Set down the whole listing below exactly, without pictures.

[[ DATA PROVIDED, beginning ]]

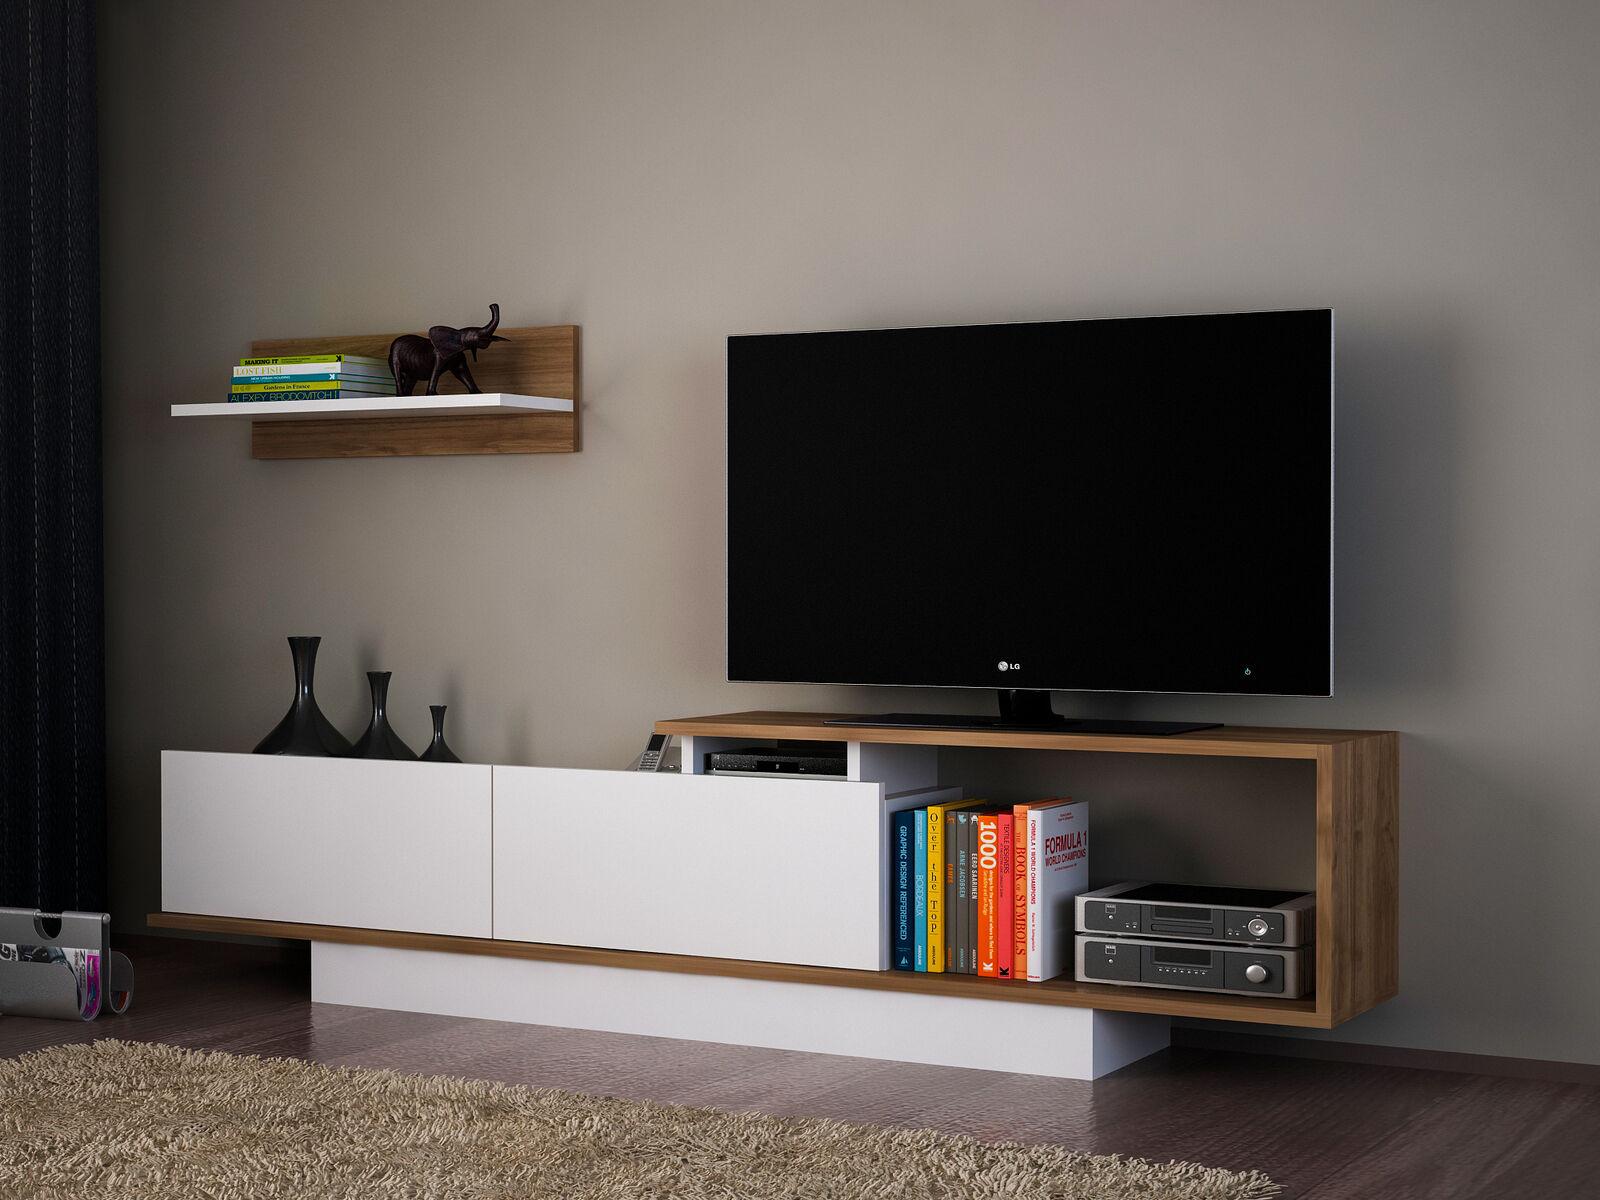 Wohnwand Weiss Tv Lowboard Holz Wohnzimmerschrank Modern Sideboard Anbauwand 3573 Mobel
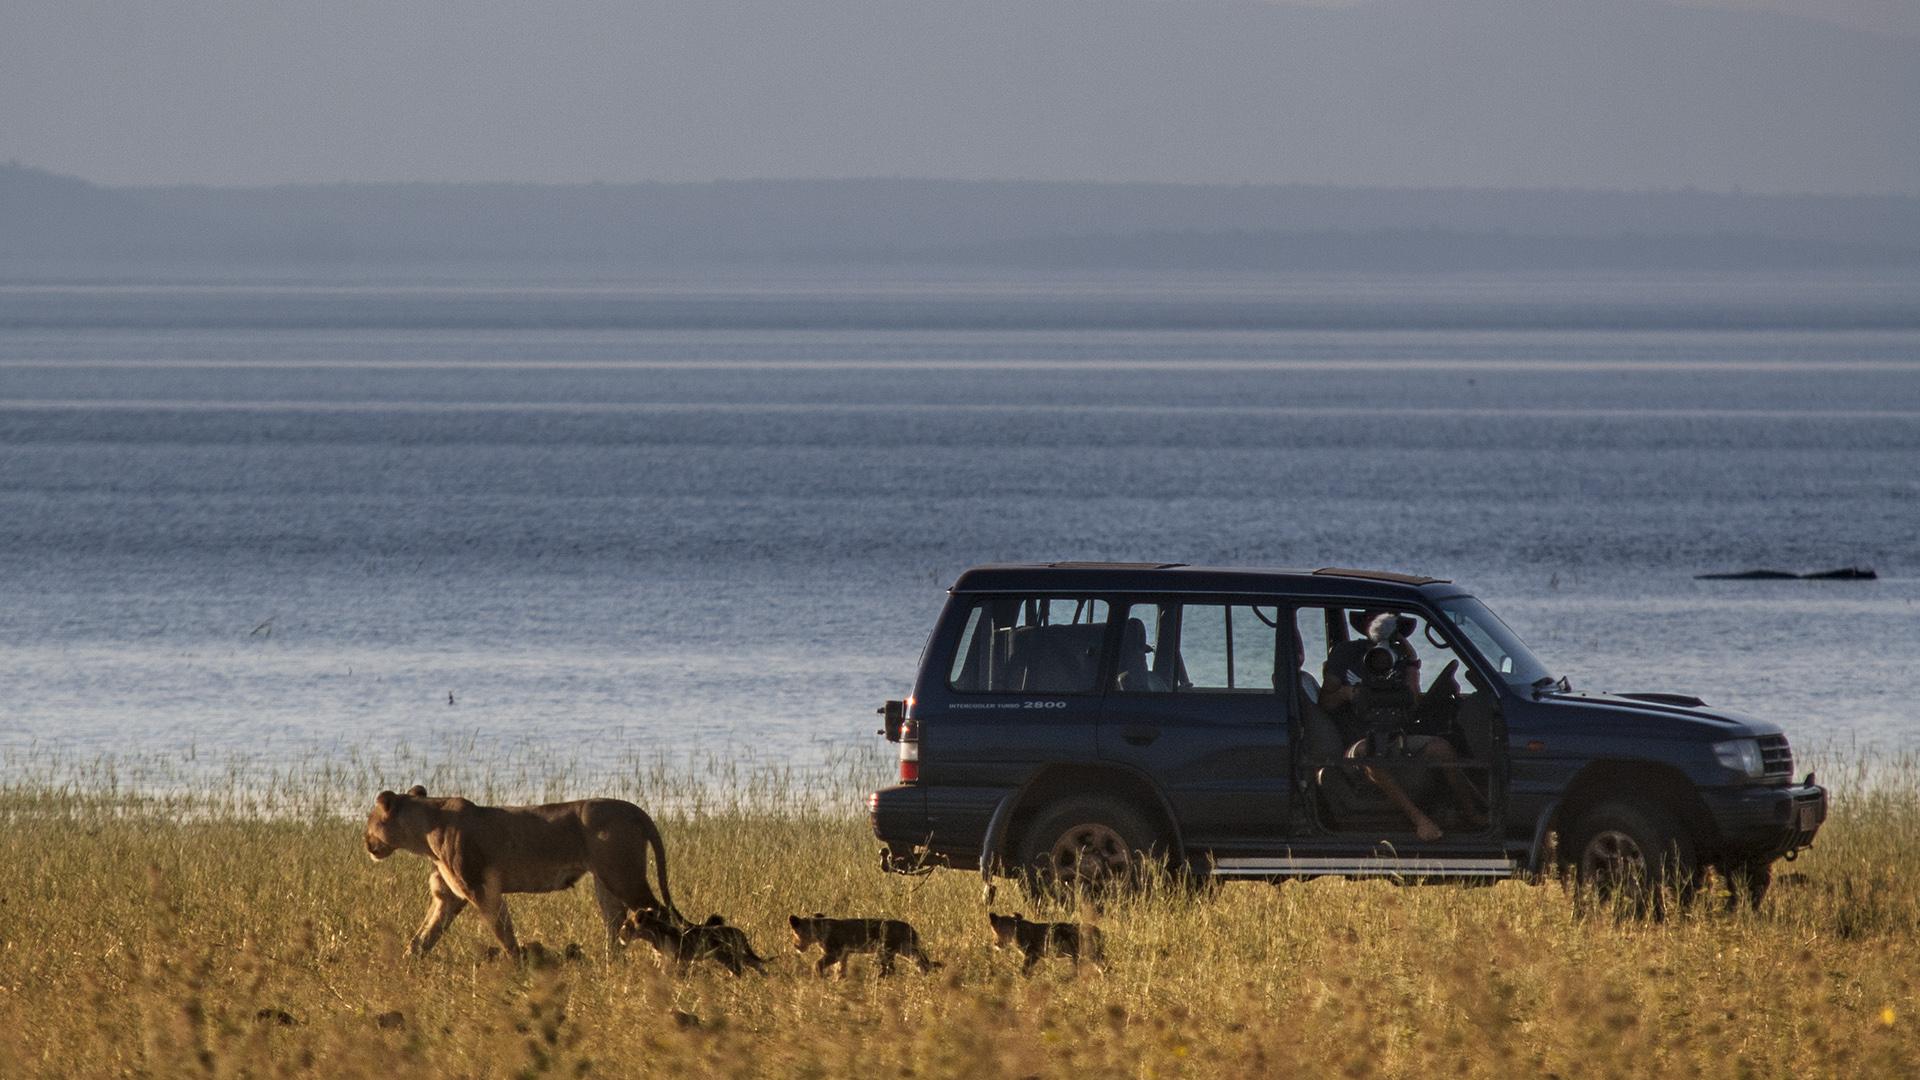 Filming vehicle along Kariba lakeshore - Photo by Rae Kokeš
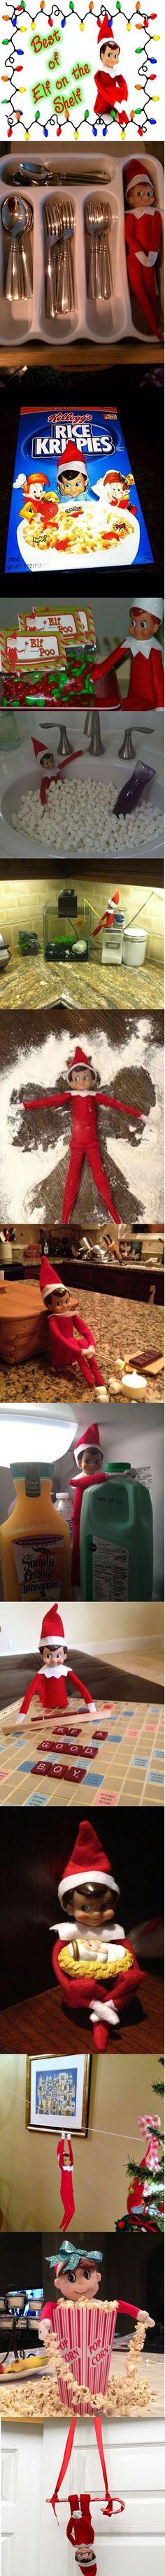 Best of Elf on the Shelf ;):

[[ DATA PROVIDED, end ]]

• **RESULT BELOW**:
 Wohnwand Weiss Tv Lowboard Holz Wohnzimmerschrank Modern Sideboard Anbauwand 3573 Mobel
 Filming vehicle along Kariba lakeshore - Photo by Rae Kokeš
 Best of Elf on the Shelf ;):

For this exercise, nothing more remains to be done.